王队,我轻声道,我不杀你,回去告诉你的主子——谱已归火,镜已归心,影子在我脚下
,谁想要,来拿。
他连滚带爬,逃出柴门,火把扔了一地,很快被雪浸湿,灭光。院中只剩我与苏蔓,她扶着墙站起,嘴角带血,却笑:
李三,你自由了。
我低头,看脚下影子,它安静匍匐,像一条终于驯服的龙。我跪下去,把爹破裂的牌位一块块拾起,拼好,重新供在神龛前,叩首:
爹,谱烧了,灰在我心里,往后,咱不偷了,咱还。
雪越下越大,像给世界撒纸钱。我点燃最后一根火把,把铜镜碎片、灰堆、破瓦片拢在一起,浇上酒,火苗地窜起,照得人脸发红。我牵起苏蔓的手,走出柴门,走出院落,走出那个叫燕子李三的旧壳。
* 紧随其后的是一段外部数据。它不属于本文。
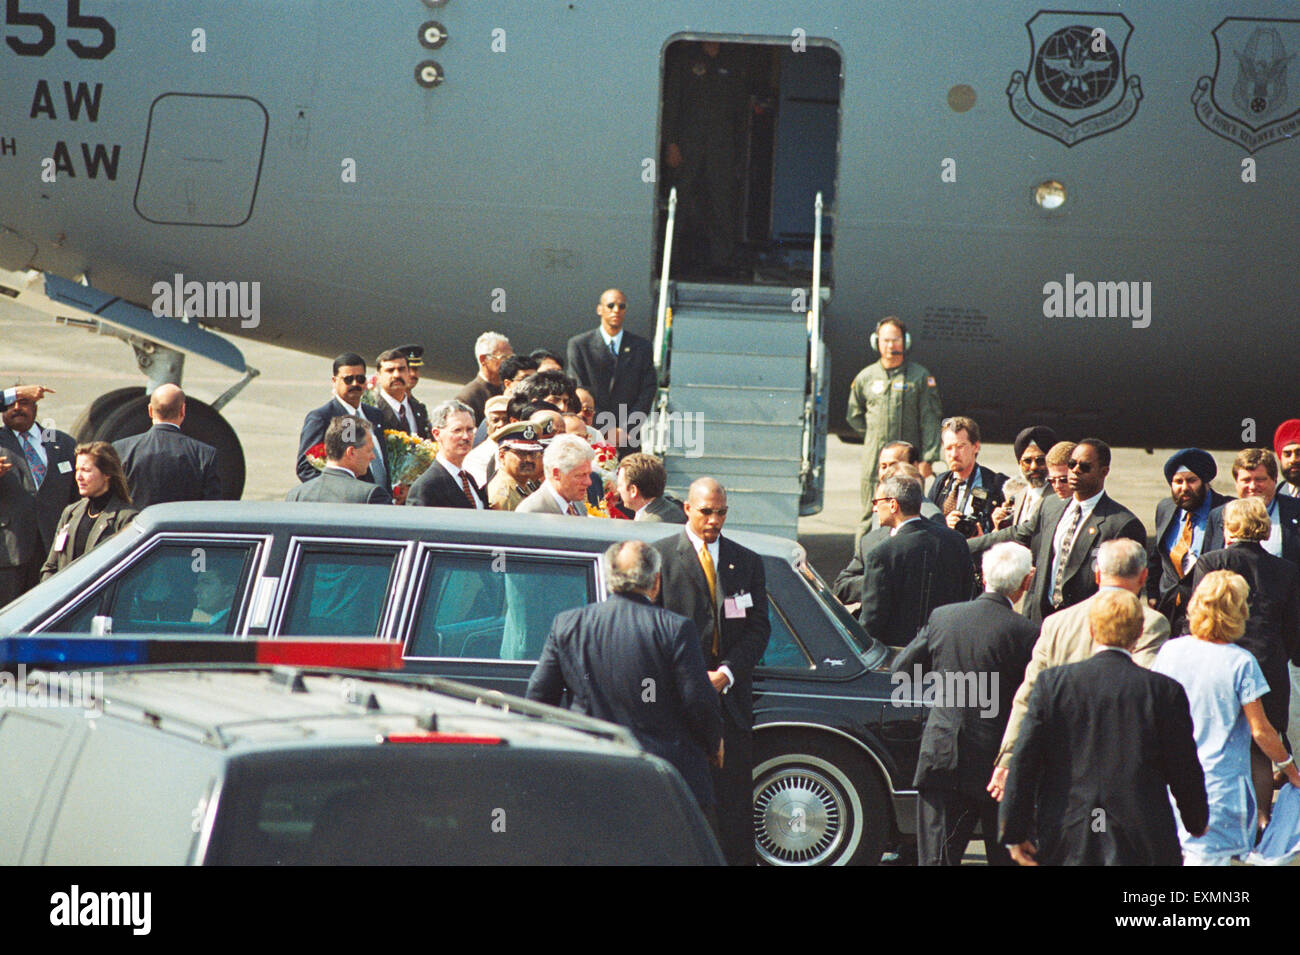 Le président américain Bill Clinton U.S. Air Force avion départ de l'aéroport international Chhatrapati Shivaji Maharaj Bombay Mumbai Maharashtra Inde Banque D'Images

身后,火光映着雪,雪压着灰,灰里偶尔闪出一点金粉,像夜空里最后的星。我忽然想起那行血书:
谱成归火,火里归心,影锁形销,方得自由。
此刻,我终于懂了——
烧掉的不是谱,是枷锁;留下不是灰,是火种。
村口,老槐树的残桩在雪里沉默。我抬手,拂去树心积雪,露出里面新生的嫩芽。我笑笑,低声道:
第九传奇,终。
第十传奇,起——
风卷着雪,卷着火灰,卷着我和苏蔓的影子,一路向南,向更远、更亮的天边奔去。